What this task involves:
Every line below needs to be transcribed without alteration, and no image may be carried over.

Supplied material:
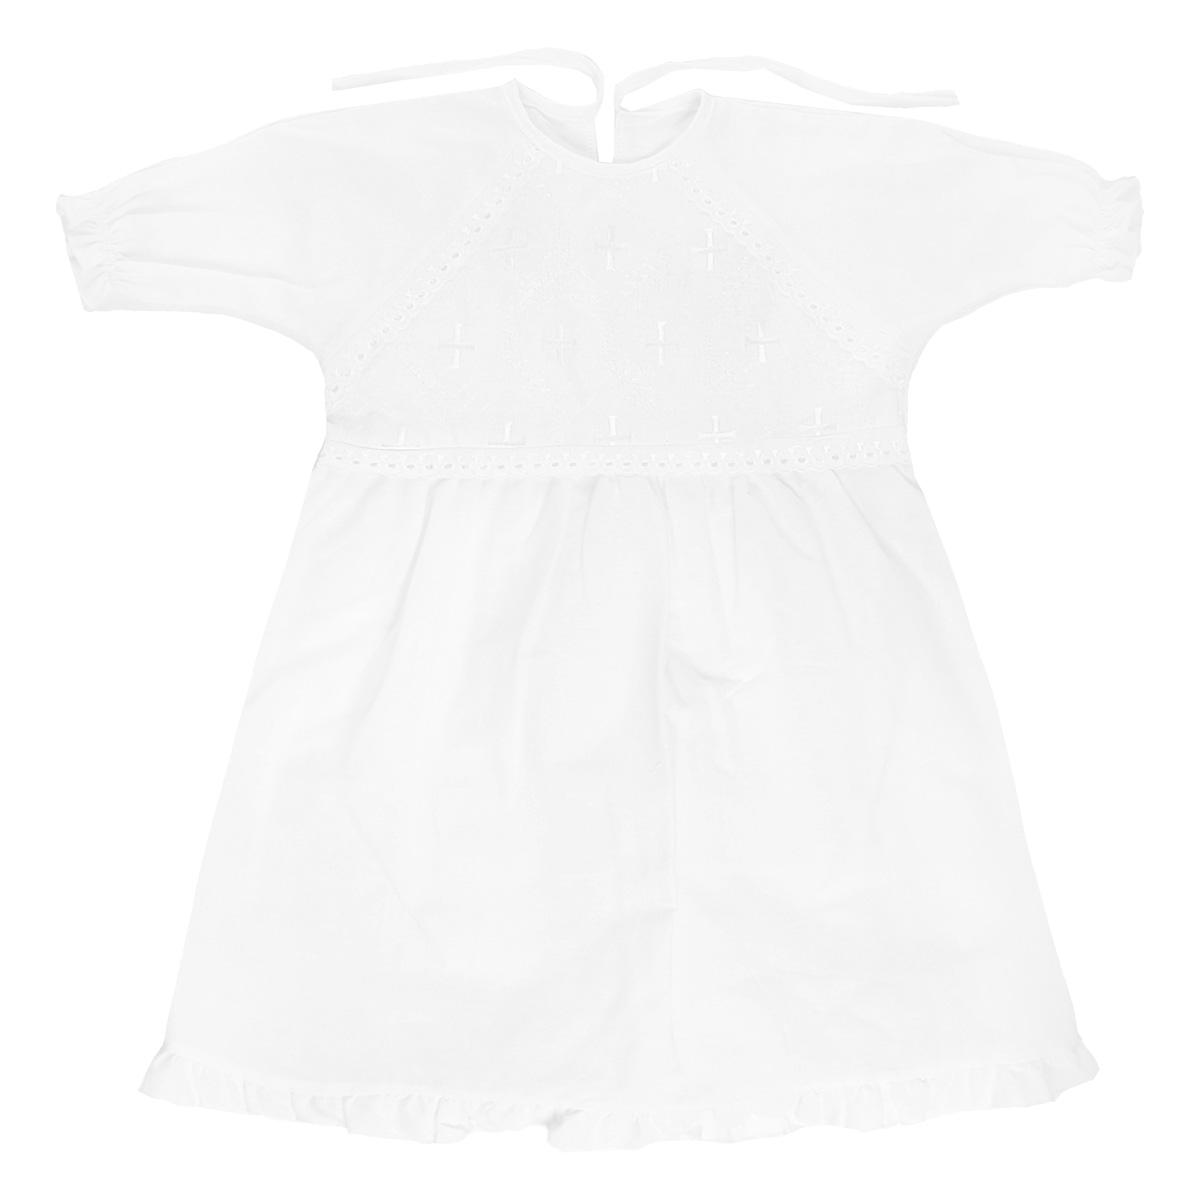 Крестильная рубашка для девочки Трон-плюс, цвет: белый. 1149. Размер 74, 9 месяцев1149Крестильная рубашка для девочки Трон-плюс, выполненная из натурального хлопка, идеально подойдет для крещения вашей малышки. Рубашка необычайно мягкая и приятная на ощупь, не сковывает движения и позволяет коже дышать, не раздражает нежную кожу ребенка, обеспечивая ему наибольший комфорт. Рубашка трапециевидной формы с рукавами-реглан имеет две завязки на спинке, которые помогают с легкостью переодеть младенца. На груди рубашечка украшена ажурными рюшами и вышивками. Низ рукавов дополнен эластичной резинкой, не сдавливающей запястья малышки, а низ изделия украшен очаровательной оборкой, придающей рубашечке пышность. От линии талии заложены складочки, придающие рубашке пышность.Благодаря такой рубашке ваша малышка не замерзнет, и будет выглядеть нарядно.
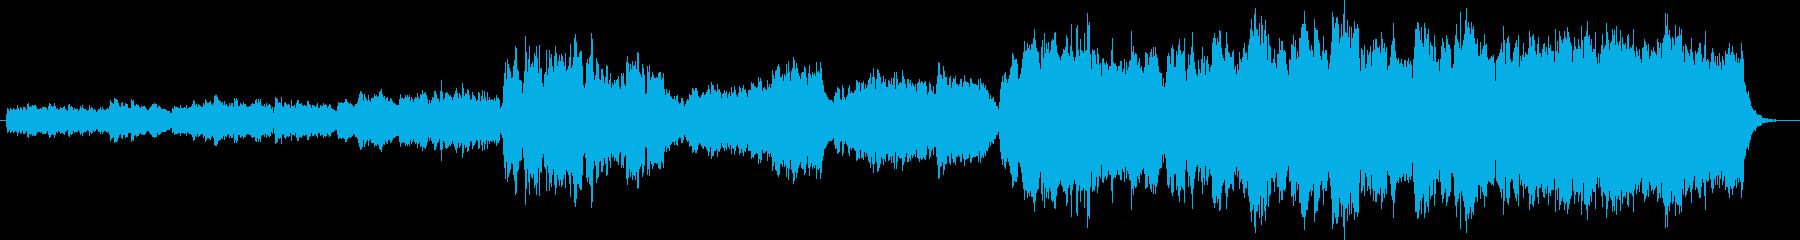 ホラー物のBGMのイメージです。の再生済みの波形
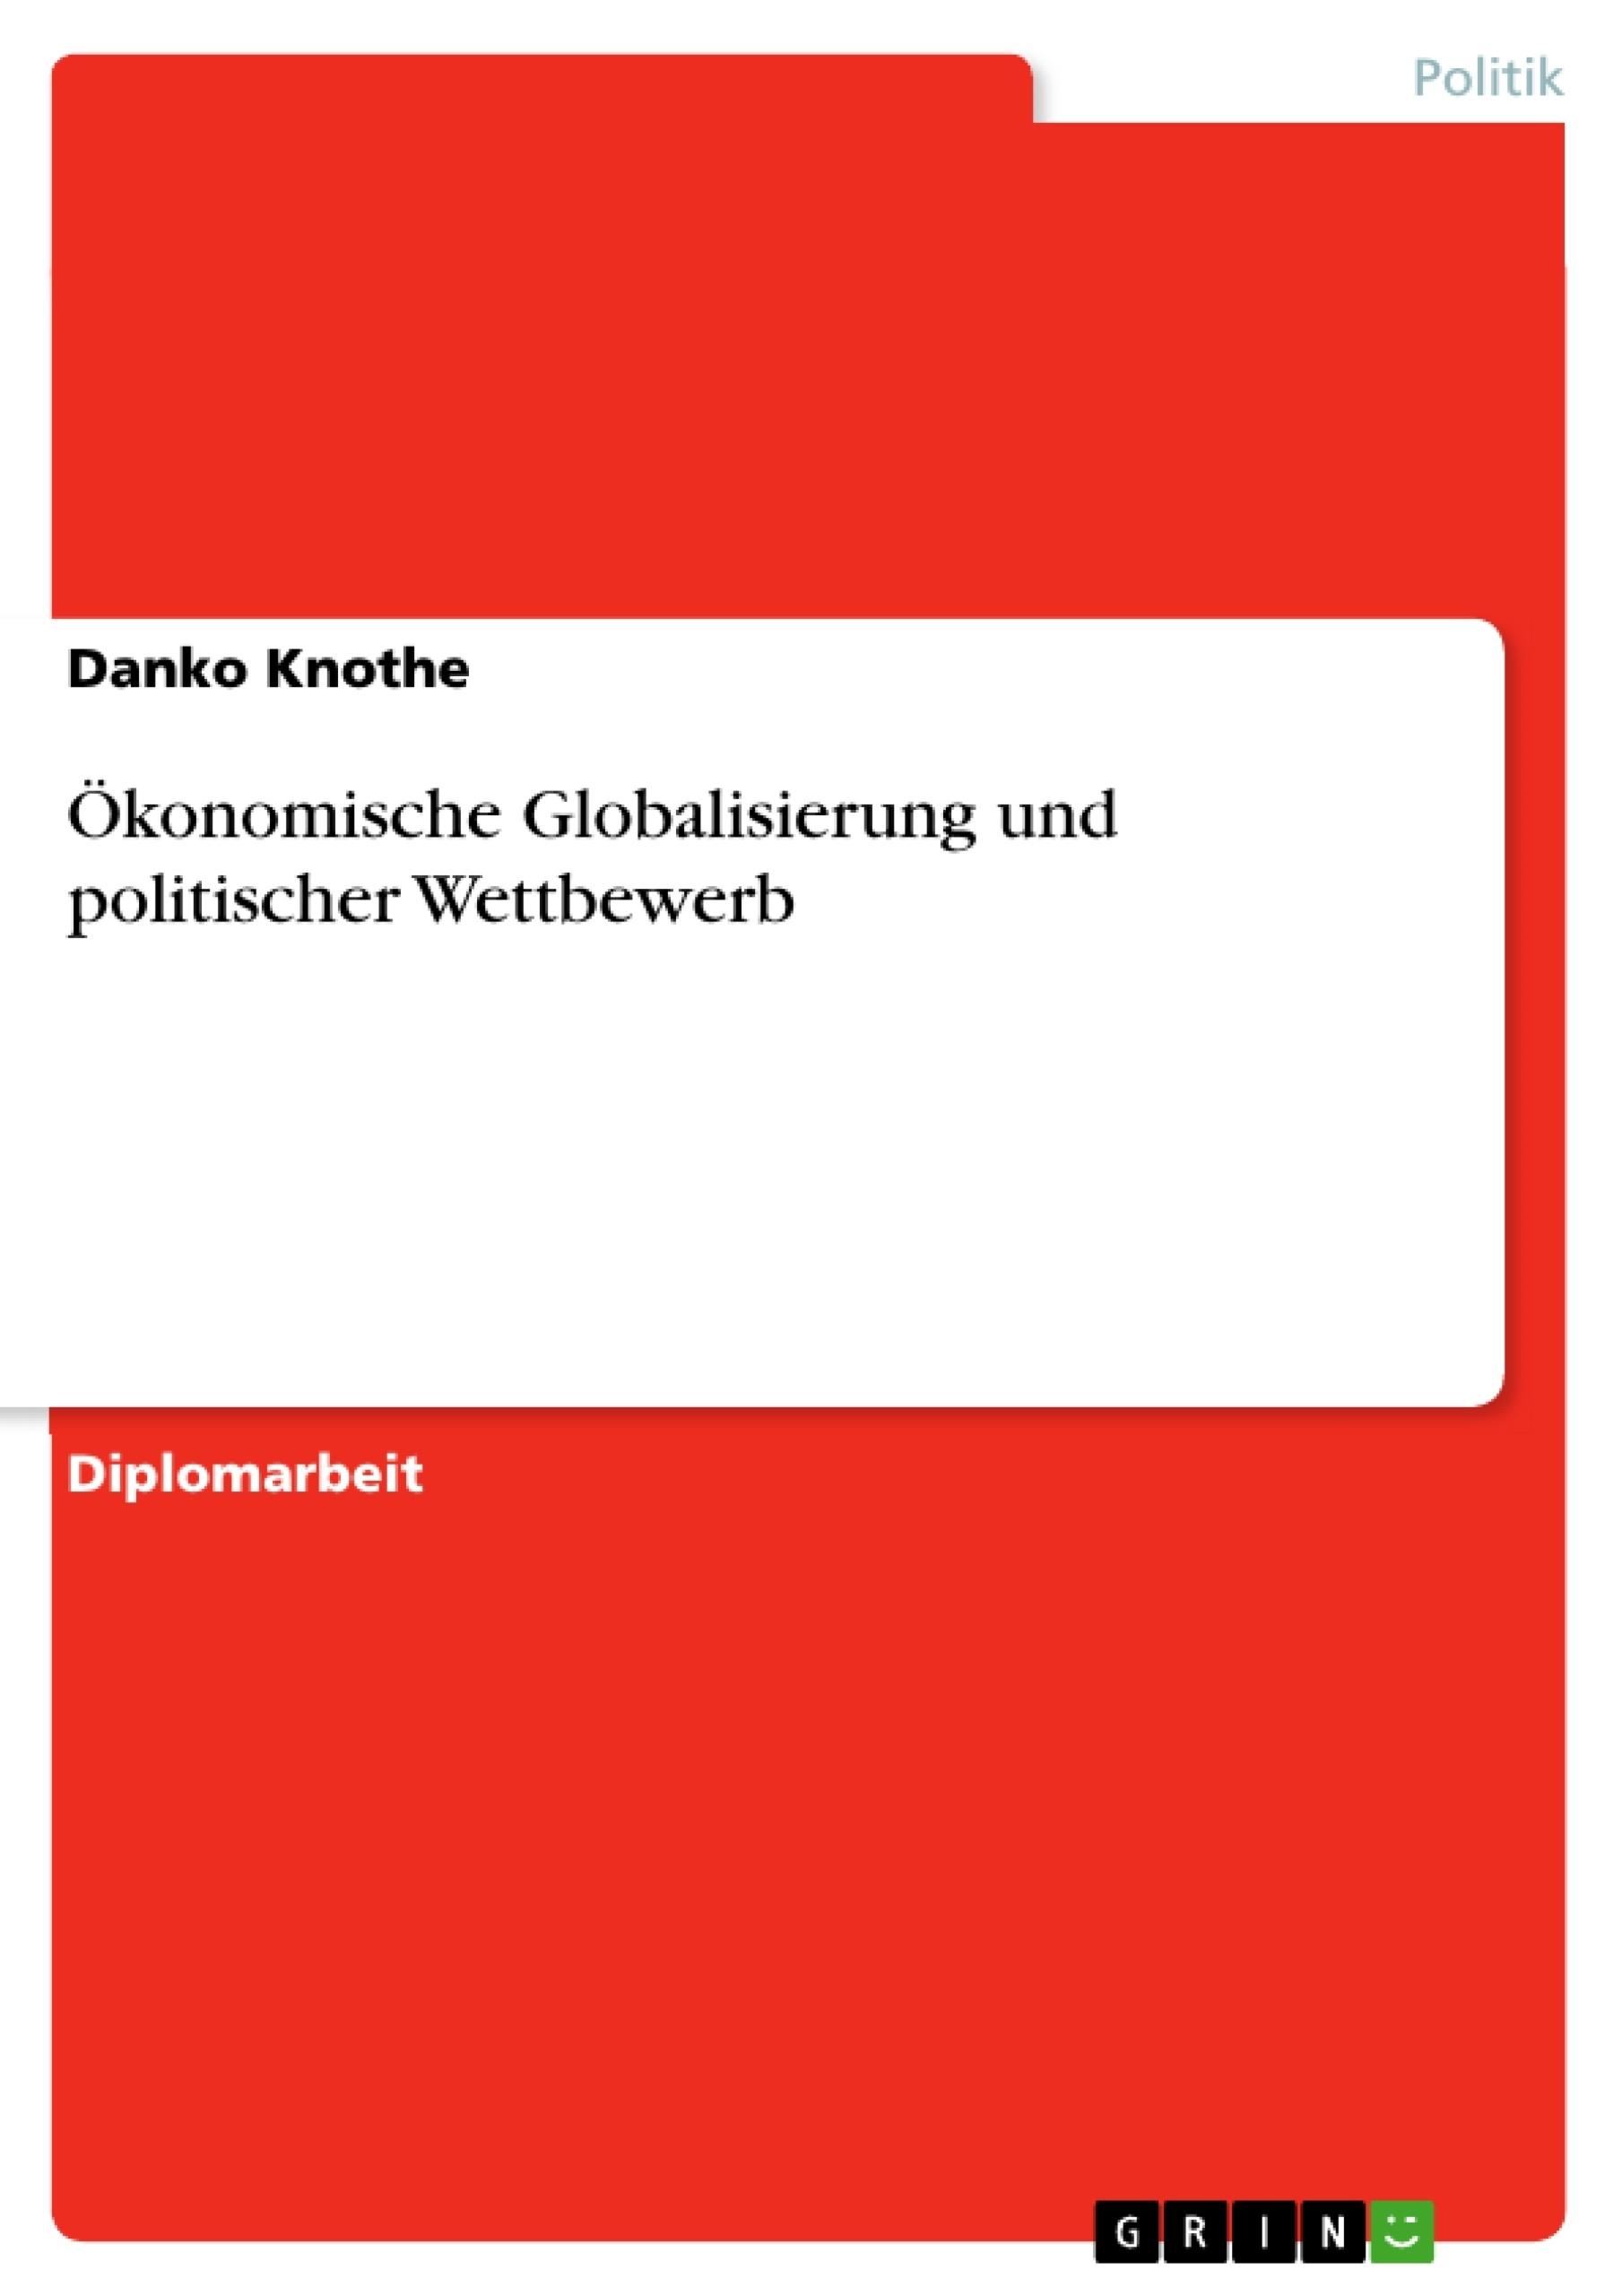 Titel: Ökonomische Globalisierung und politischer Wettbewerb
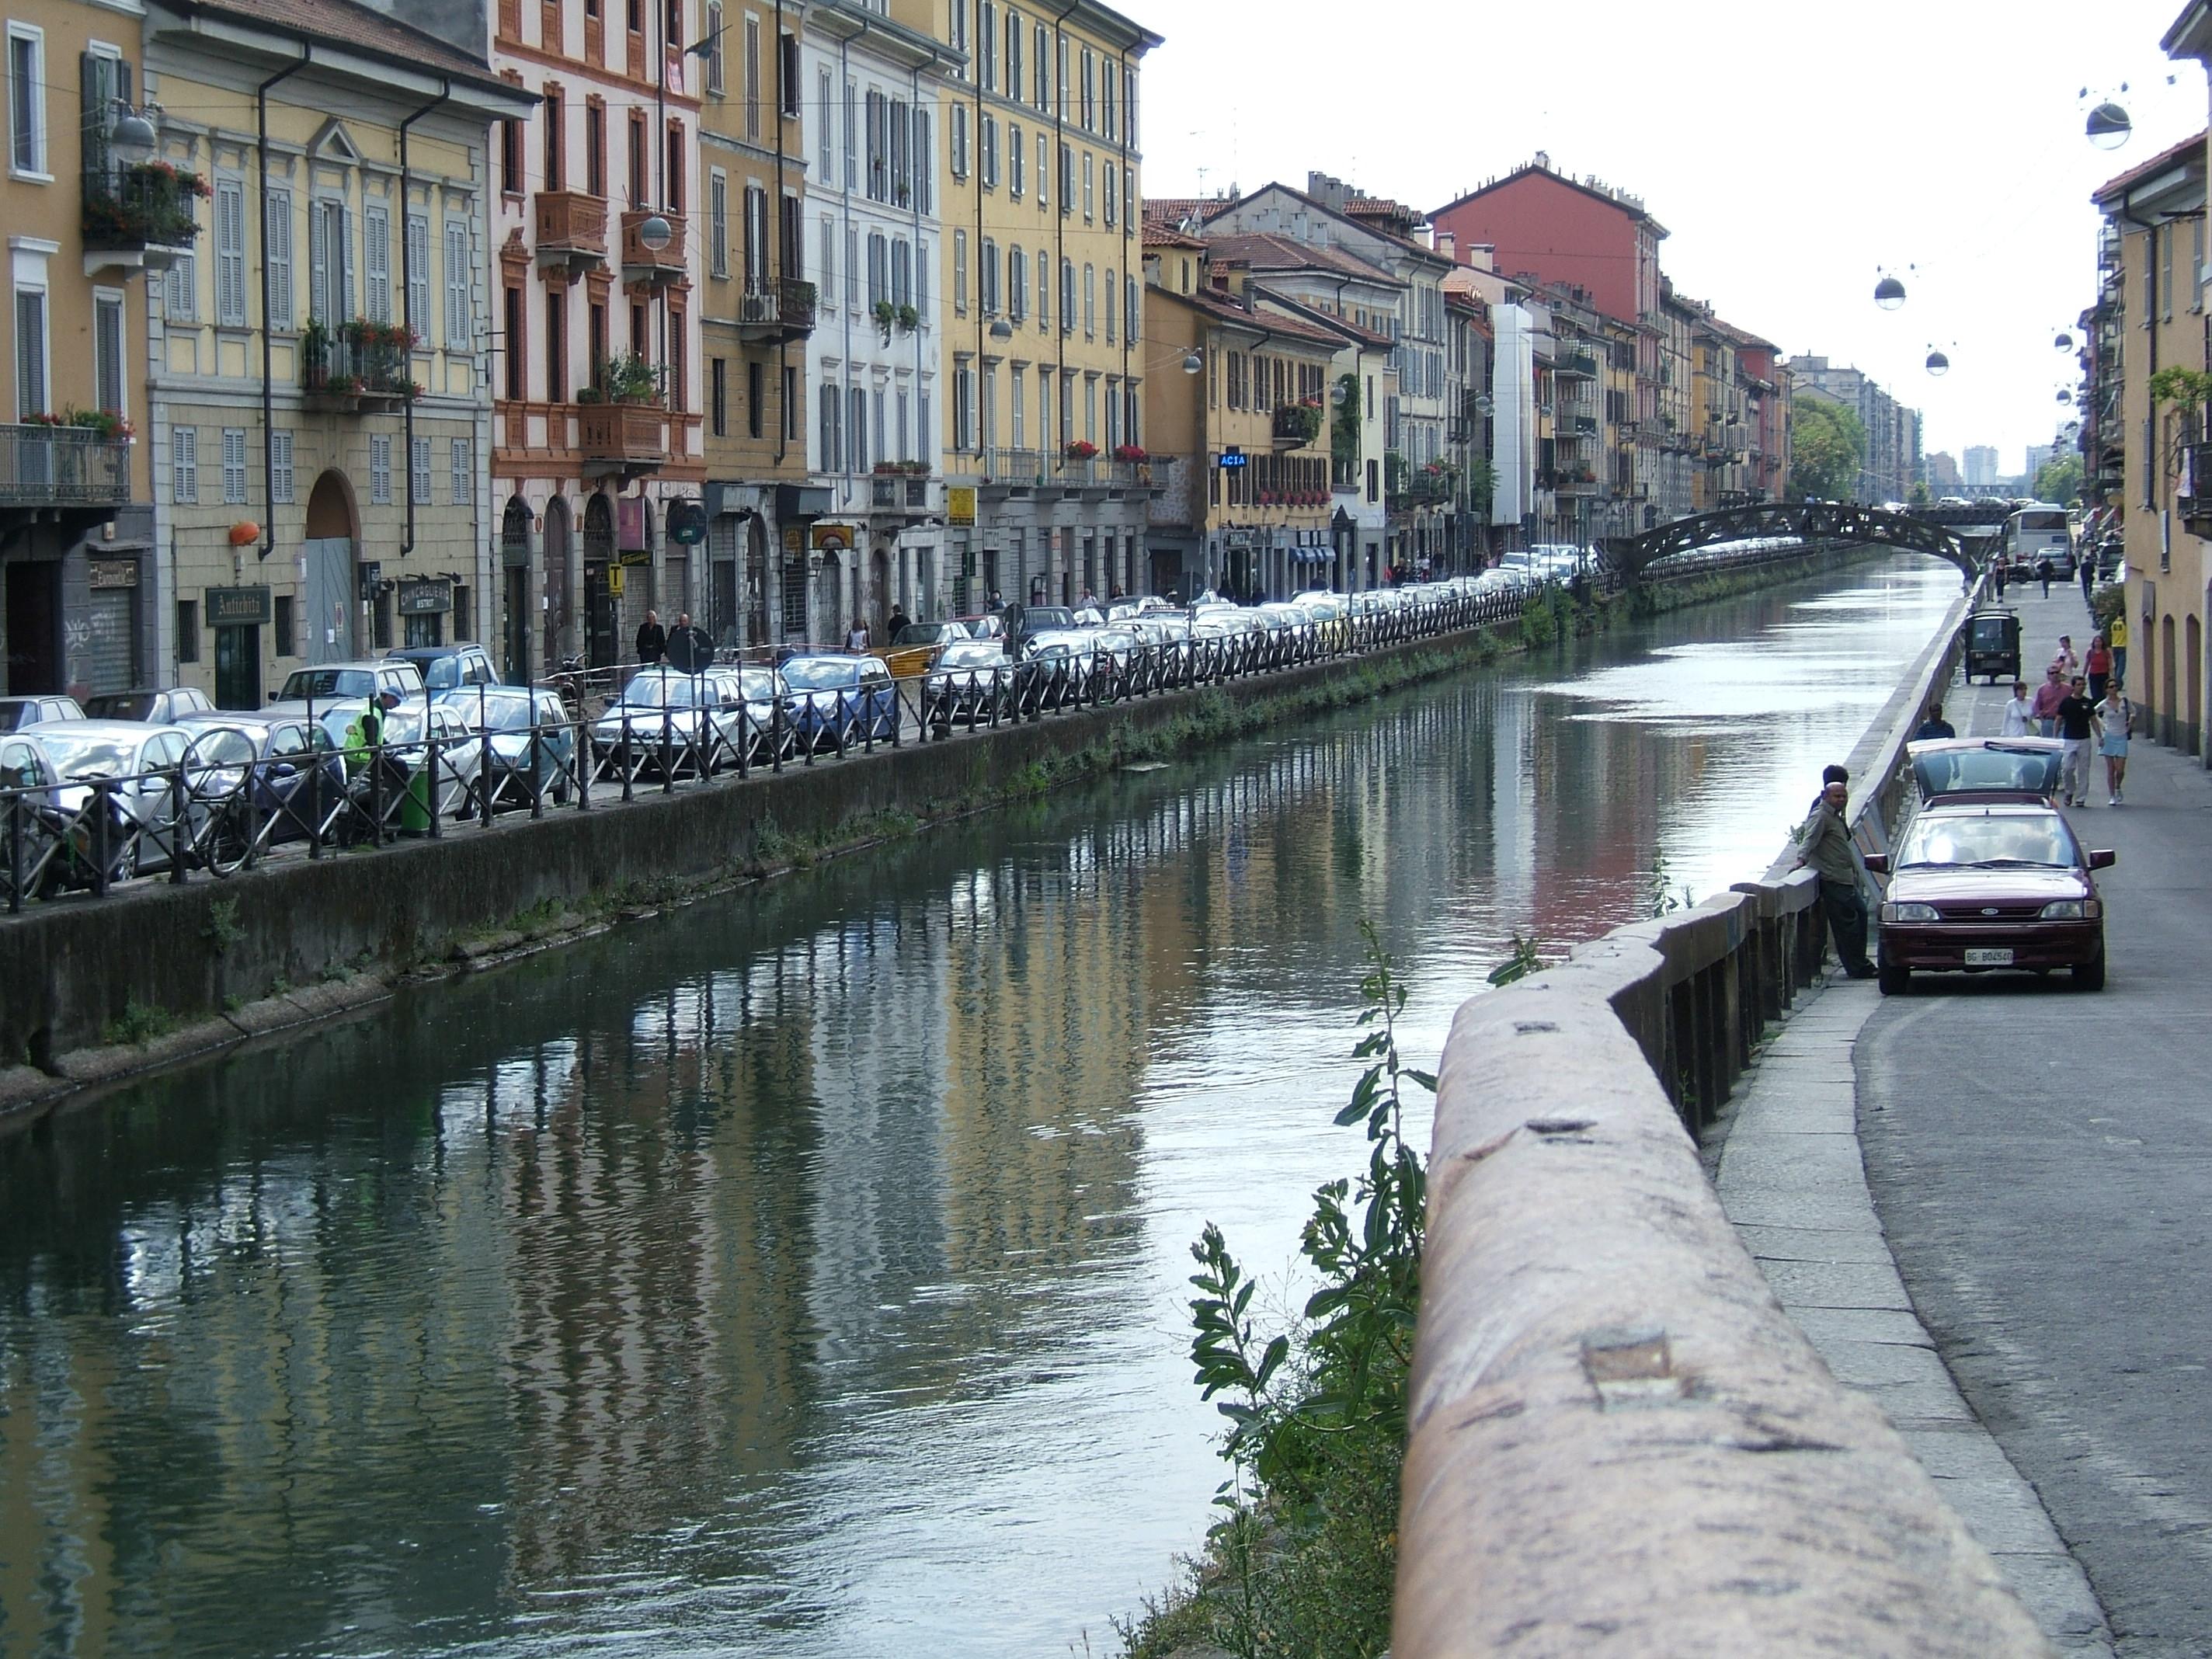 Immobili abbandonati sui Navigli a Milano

Finished exercise:
 Крестильная рубашка для девочки Трон-плюс, цвет: белый. 1149. Размер 74, 9 месяцев1149Крестильная рубашка для девочки Трон-плюс, выполненная из натурального хлопка, идеально подойдет для крещения вашей малышки. Рубашка необычайно мягкая и приятная на ощупь, не сковывает движения и позволяет коже дышать, не раздражает нежную кожу ребенка, обеспечивая ему наибольший комфорт. Рубашка трапециевидной формы с рукавами-реглан имеет две завязки на спинке, которые помогают с легкостью переодеть младенца. На груди рубашечка украшена ажурными рюшами и вышивками. Низ рукавов дополнен эластичной резинкой, не сдавливающей запястья малышки, а низ изделия украшен очаровательной оборкой, придающей рубашечке пышность. От линии талии заложены складочки, придающие рубашке пышность.Благодаря такой рубашке ваша малышка не замерзнет, и будет выглядеть нарядно.
 ホラー物のBGMのイメージです。の再生済みの波形
 Titel: Ökonomische Globalisierung und politischer Wettbewerb
 Immobili abbandonati sui Navigli a Milano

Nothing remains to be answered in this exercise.